> [Activity]
Images are to be omitted, and the rest of the records reproduced exactly.

Records from a collection:
++++++++++
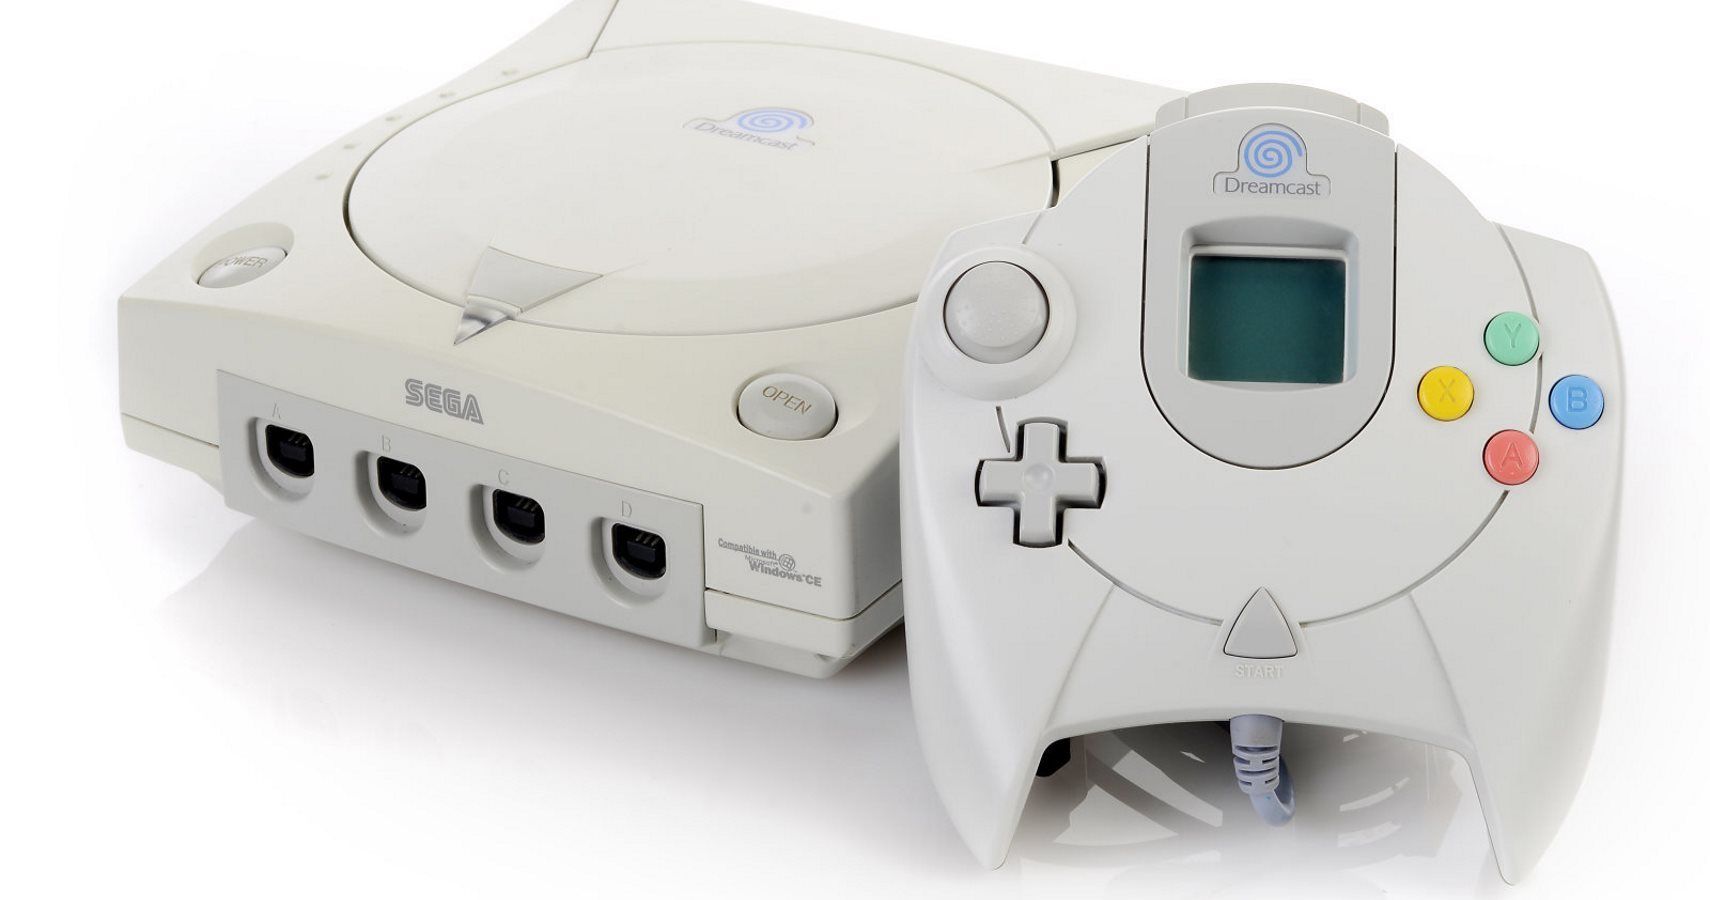 A Sega Dreamcast home video game console and controller, taken on July 7, 2014. (Photo by James Sheppard/Future Publishing via Getty Images)
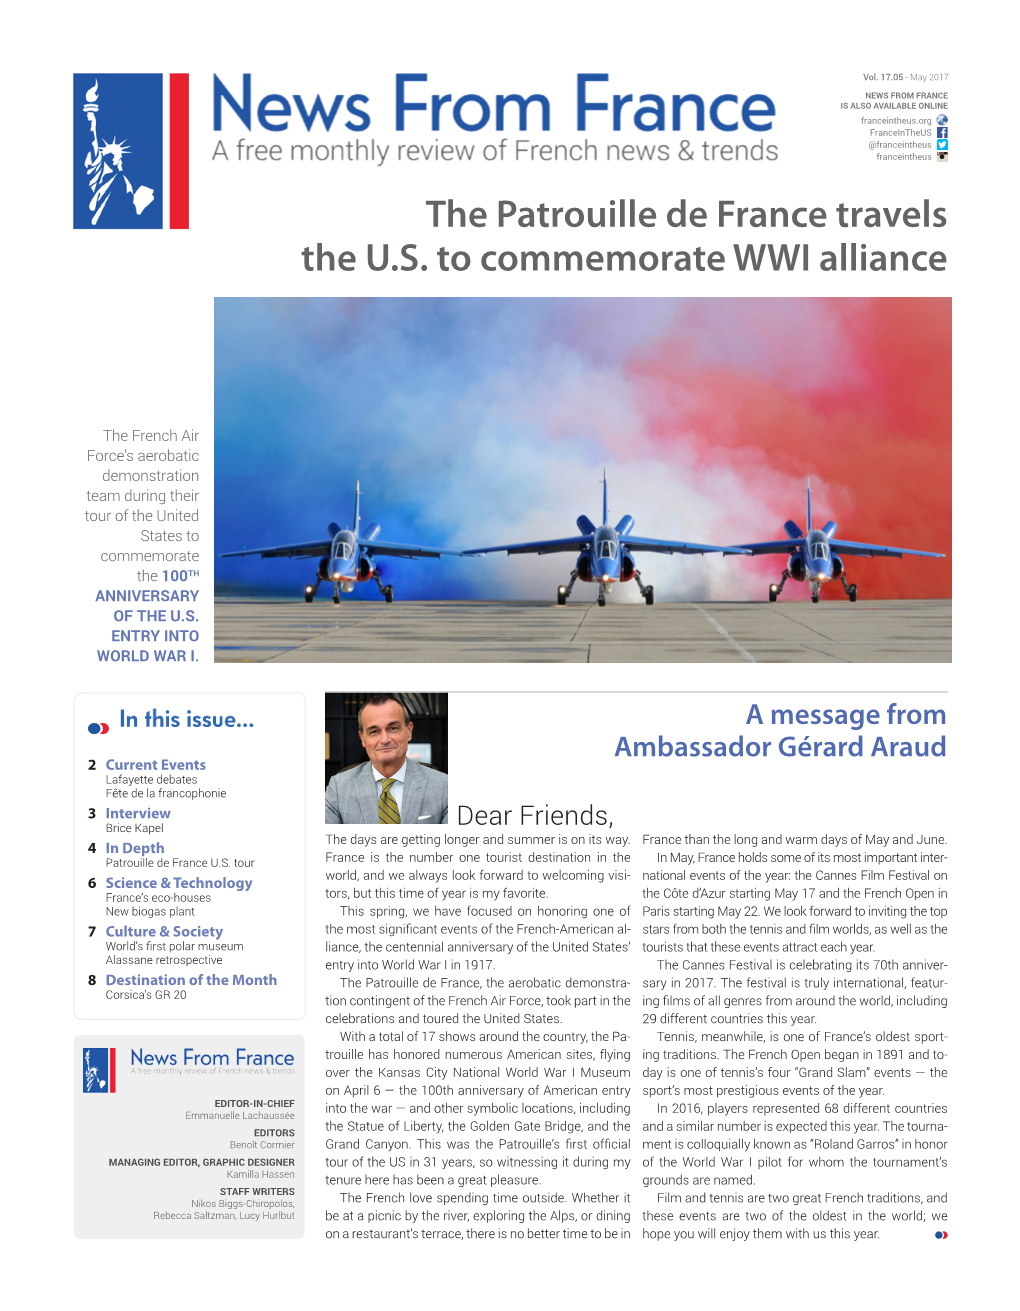 The Patrouille De France Travels the U.S. to Commemorate WWI Alliance
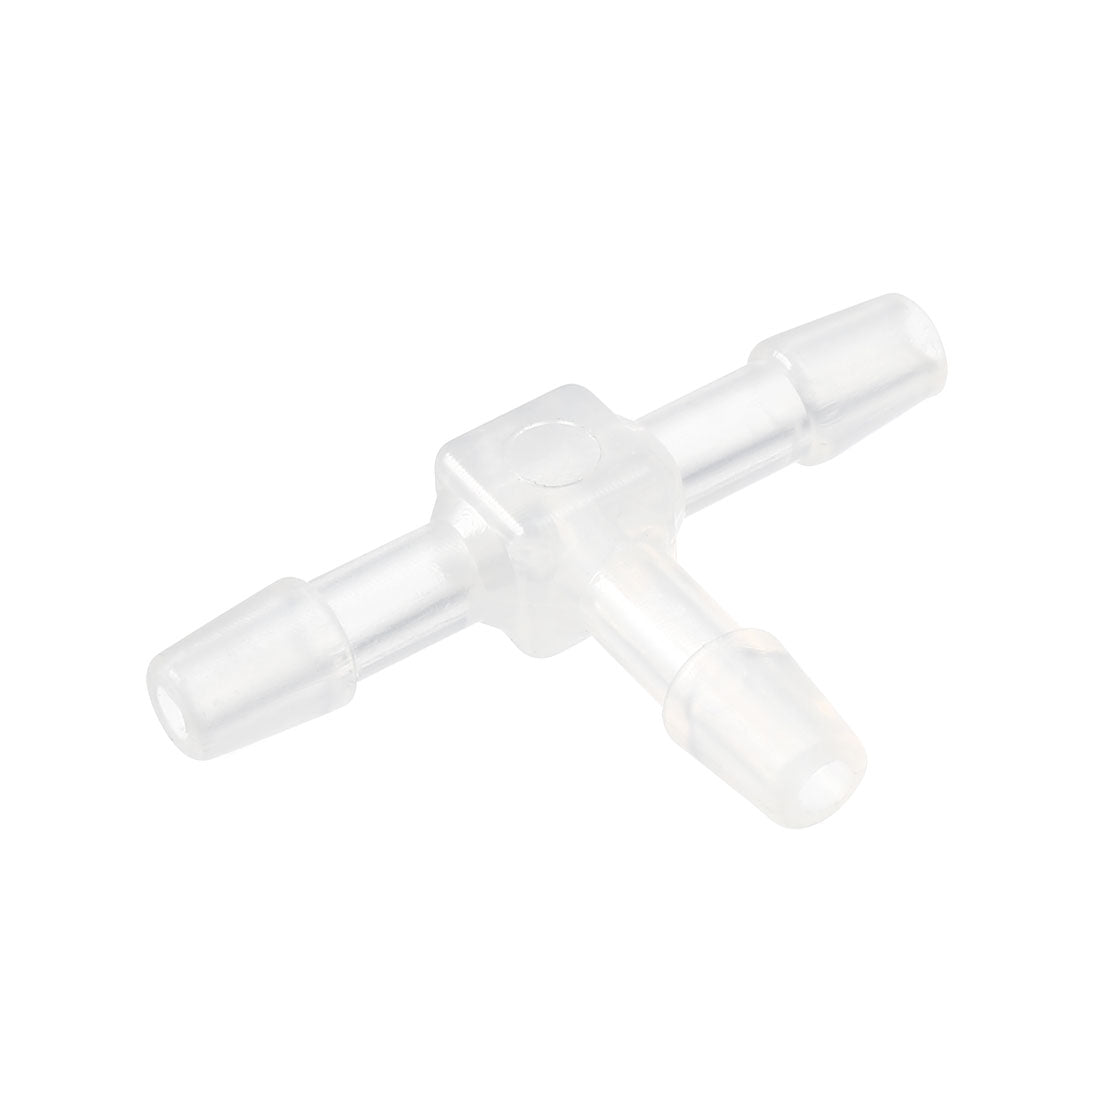 uxcell Uxcell 3-Way T Shape Air Valve Connector Plastic Inline Tubing Connectors for 4mm Airline Tube
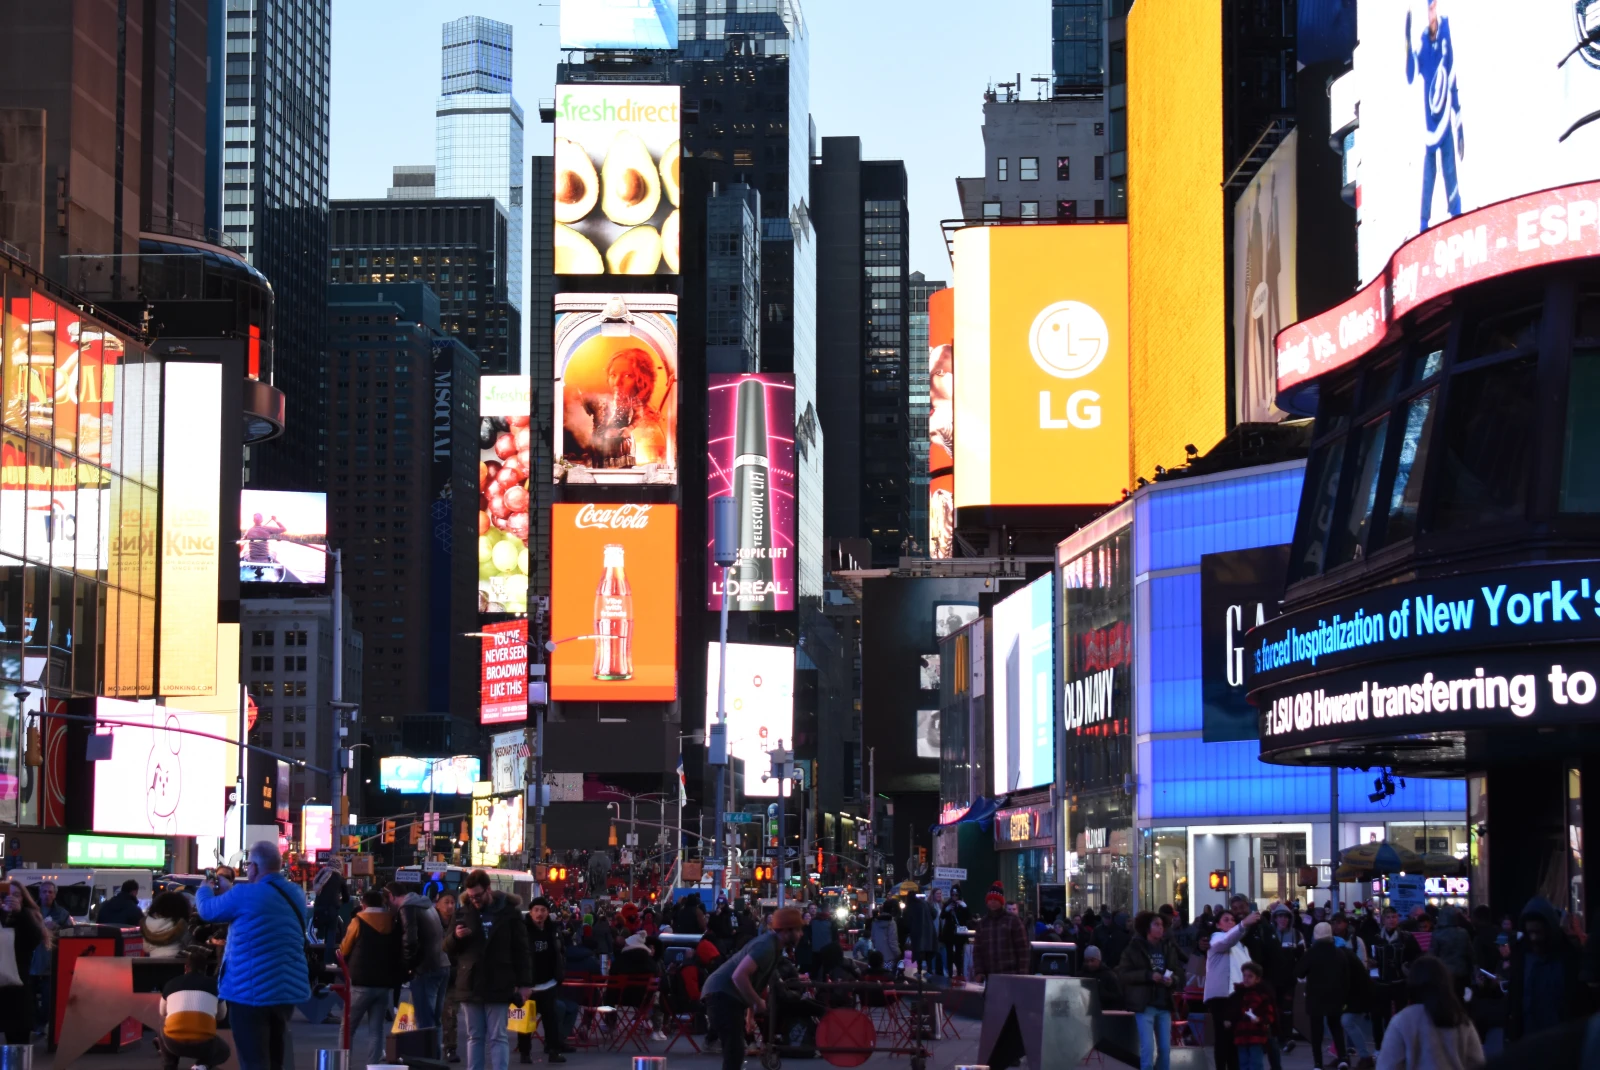 Time square at night
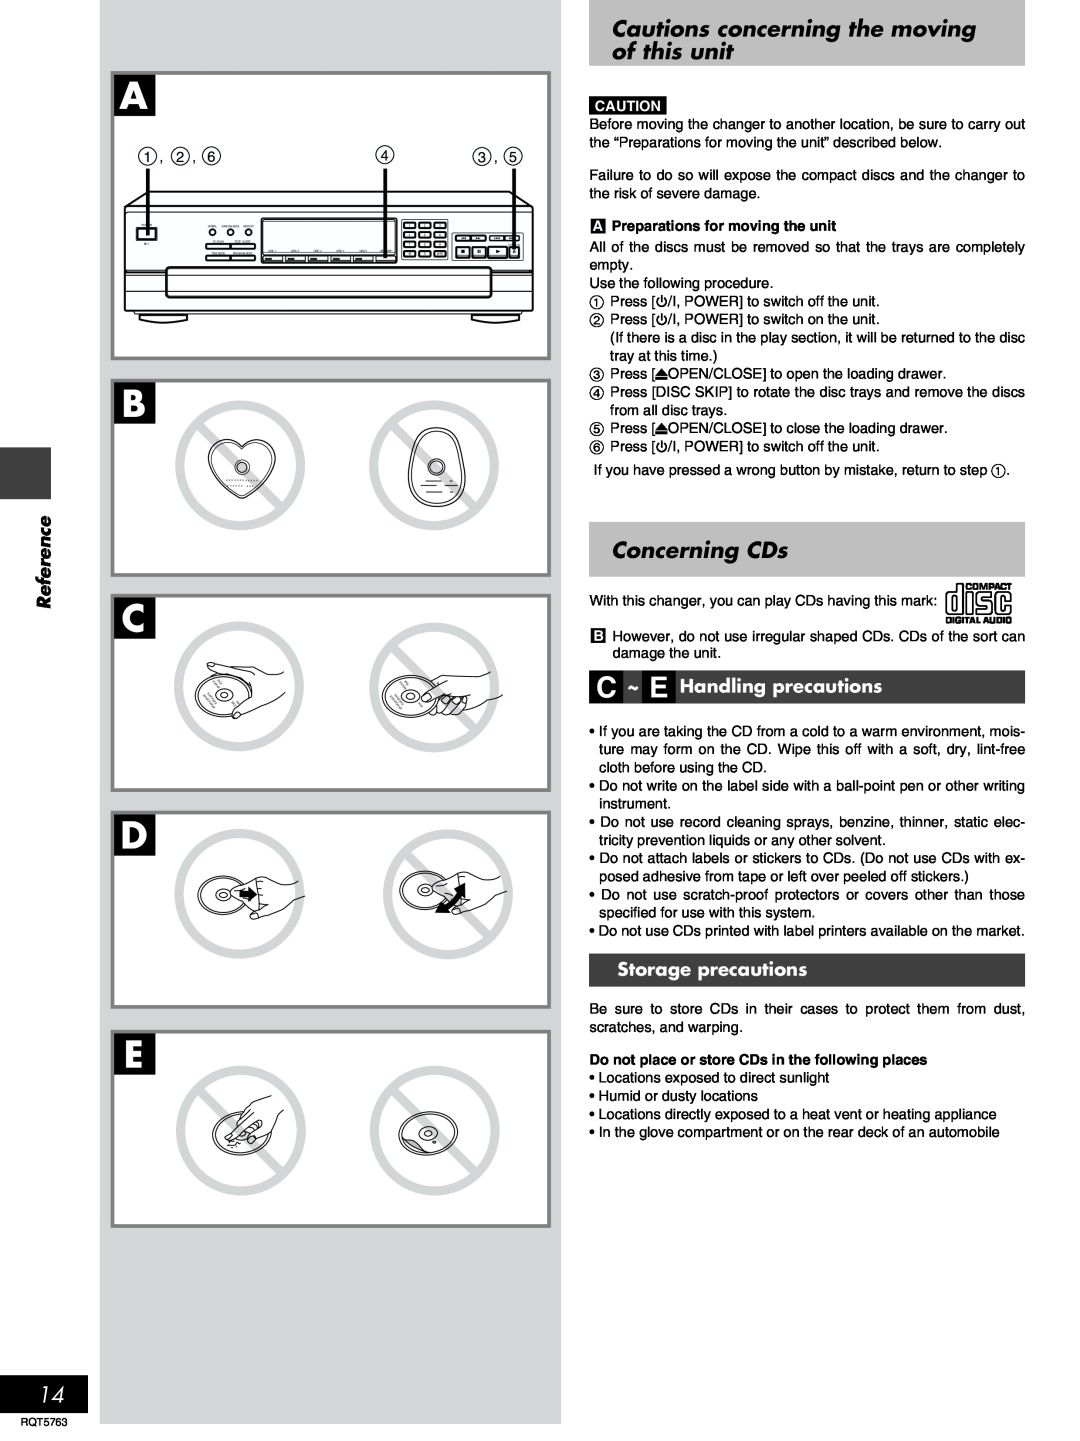 Panasonic SL-PD9 manual Cautions concerning the moving of this unit, Concerning CDs, Reference, C ~ E Handling precautions
++++++++++
> [Reply to the exercise]
 A Sega Dreamcast home video game console and controller, taken on July 7, 2014. (Photo by James Sheppard/Future Publishing via Getty Images)
 The Patrouille De France Travels the U.S. to Commemorate WWI Alliance
 uxcell Uxcell 3-Way T Shape Air Valve Connector Plastic Inline Tubing Connectors for 4mm Airline Tube
 Time square at night
 Panasonic SL-PD9 manual Cautions concerning the moving of this unit, Concerning CDs, Reference, C ~ E Handling precautions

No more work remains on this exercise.